PROBLEM STATEMENT.
Take the lines in the listing below from the line with "Dion Lee woven-effect" up to and including the line with "Zdjęcie oferty: Yves" and set them down exactly, skipping pictures and adding nothing.

RECORDS TO PROCESS.
━━━━━━━━

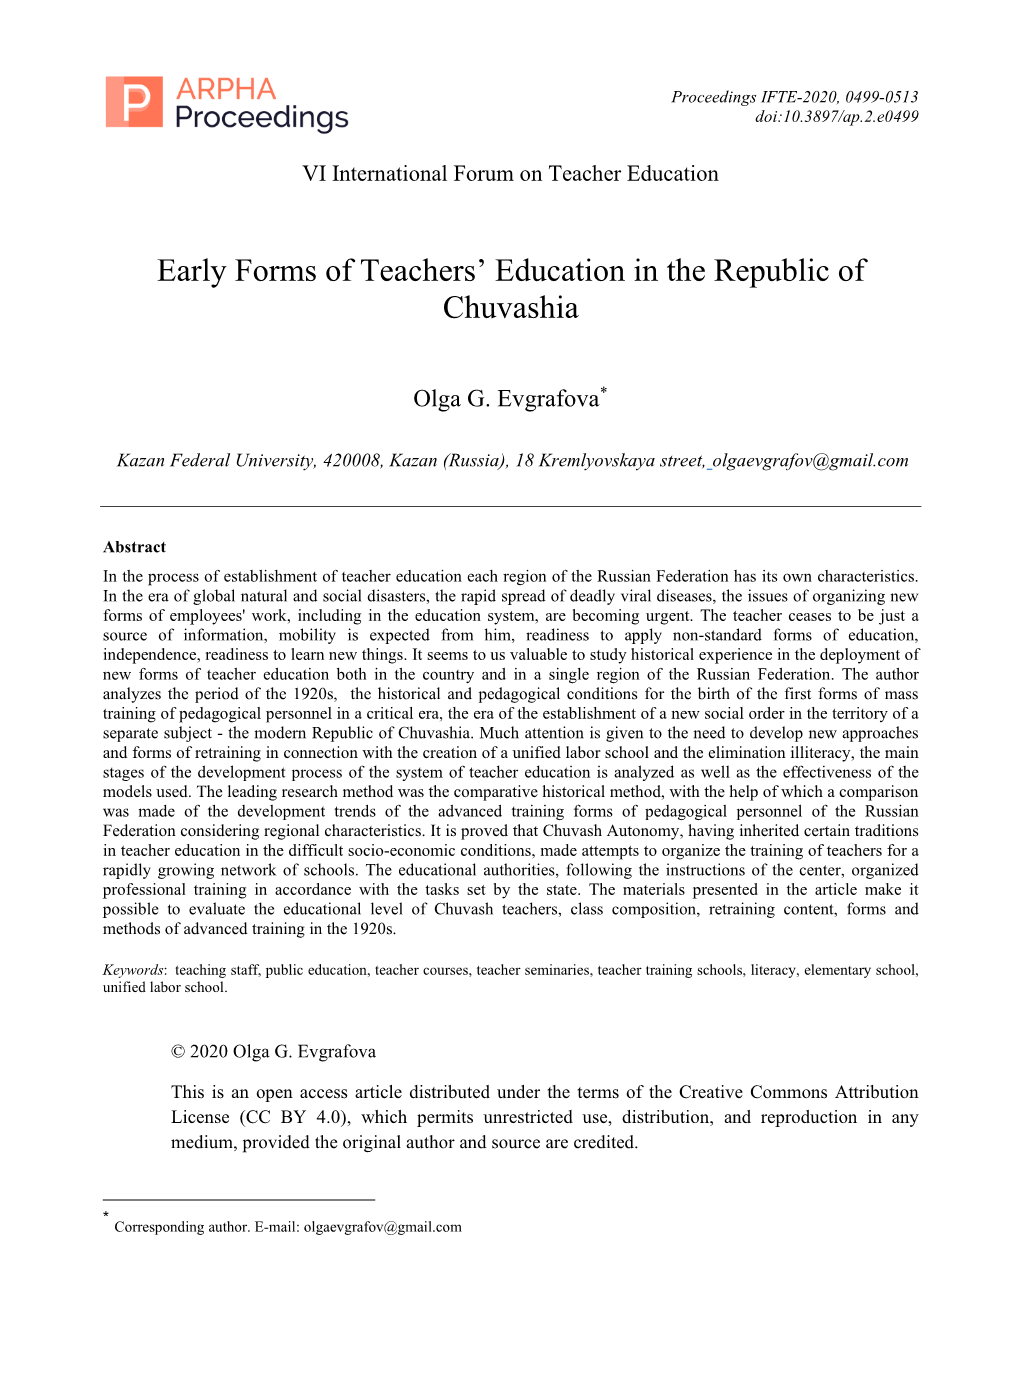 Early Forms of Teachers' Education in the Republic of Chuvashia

━━━━━━━━

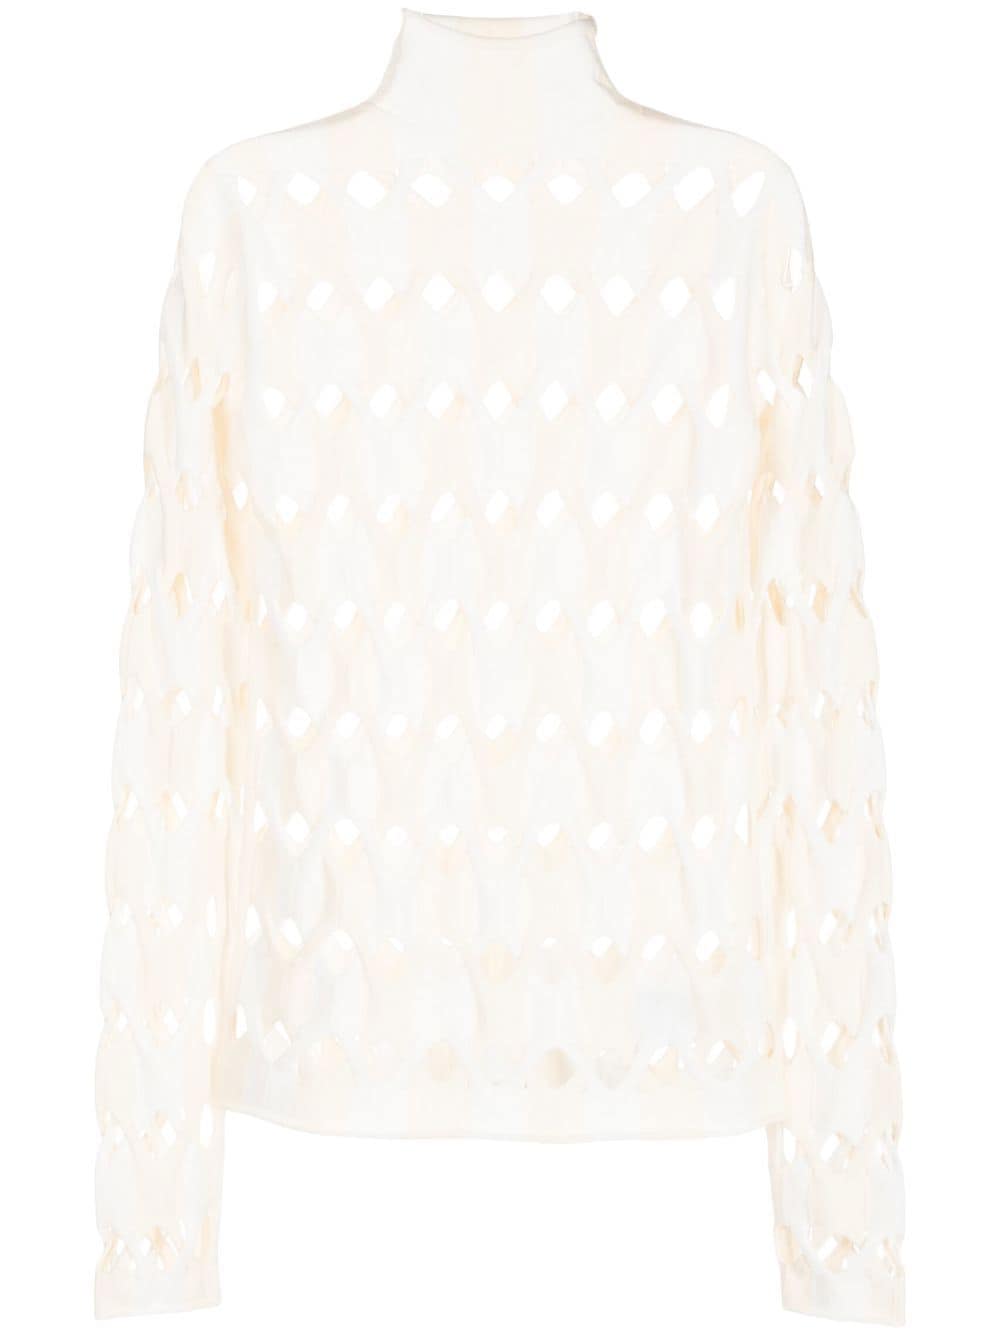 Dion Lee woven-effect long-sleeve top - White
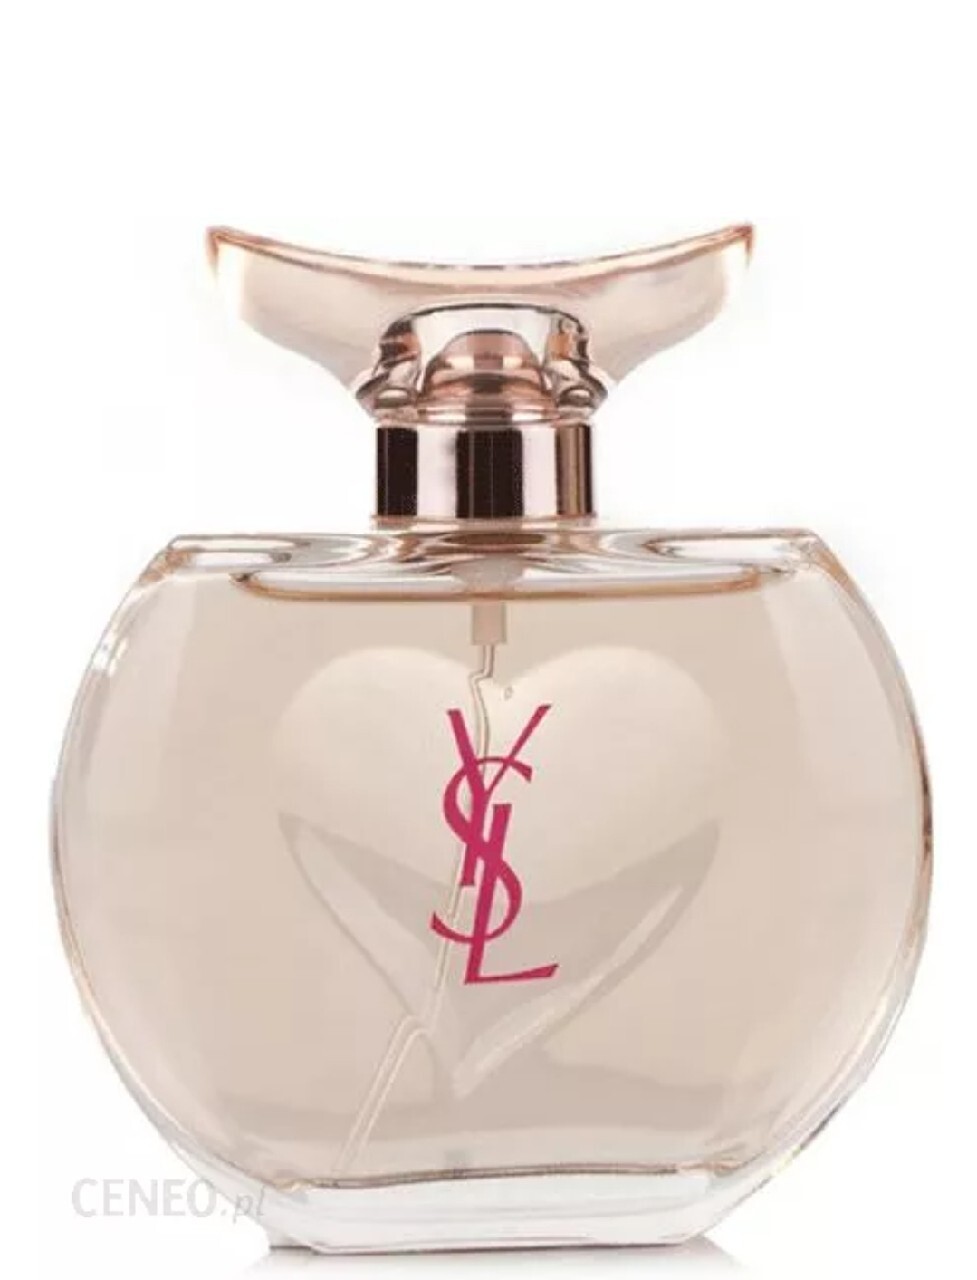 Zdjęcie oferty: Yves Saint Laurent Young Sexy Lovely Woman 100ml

━━━━━━━━

SOLVED PROBLEM.
 Dion Lee woven-effect long-sleeve top - White
 Zdjęcie oferty: Yves Saint Laurent Young Sexy Lovely Woman 100ml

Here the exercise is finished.